DebugBear states extensions that process data “before a page has rendered will have a much worse impact on user experience.” VPNs seem to be among the worst at this, with some causing a full second of delay. It makes sense why load times would be particularly bad with a VPN as they “route traffic through an intermediary server.” Other extensions that may cause long load times include Trancy AI Subtitles and Klarna Pay Later.
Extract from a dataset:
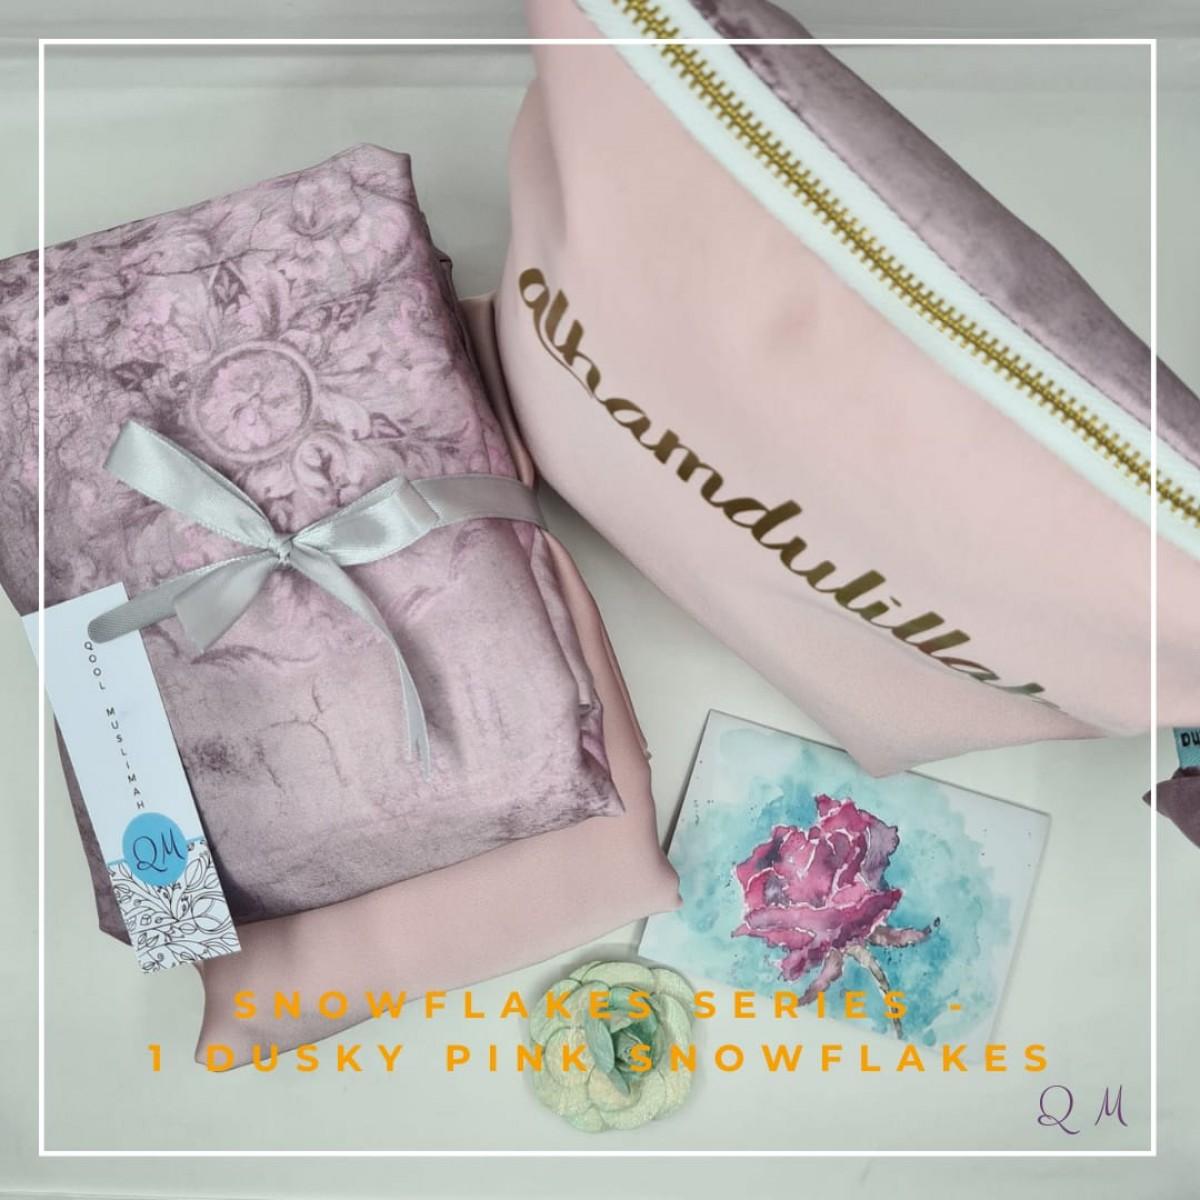 P16. Telekung/Mukena Armani Silk Snowflakes-Dusky Pink Snowflakes - Qool Muslimah

Extensions that run their code “after the page has loaded” can also impact Chrome, but to a seemingly lesser extent. Processing times can result in web page slowdown as the software strains the hardware, but not always. The Monica AI Assistant, for instance, was discovered to add “1.3 seconds of processing time;" however, it actually reduces page load speeds. This is because extensions like Monica run “as soon as the page starts loading.” 

Page interactions

Even if an extension doesn’t create slow load times, it may cause slow page interactions, meaning that clicking around on a website may not feel snappy. Avira Password Manager reportedly adds a “160 millisecond delay when clicking on... random content [headings]”. Granted, 160 milliseconds is less than half a second, but we can’t help but wonder if the delays add up.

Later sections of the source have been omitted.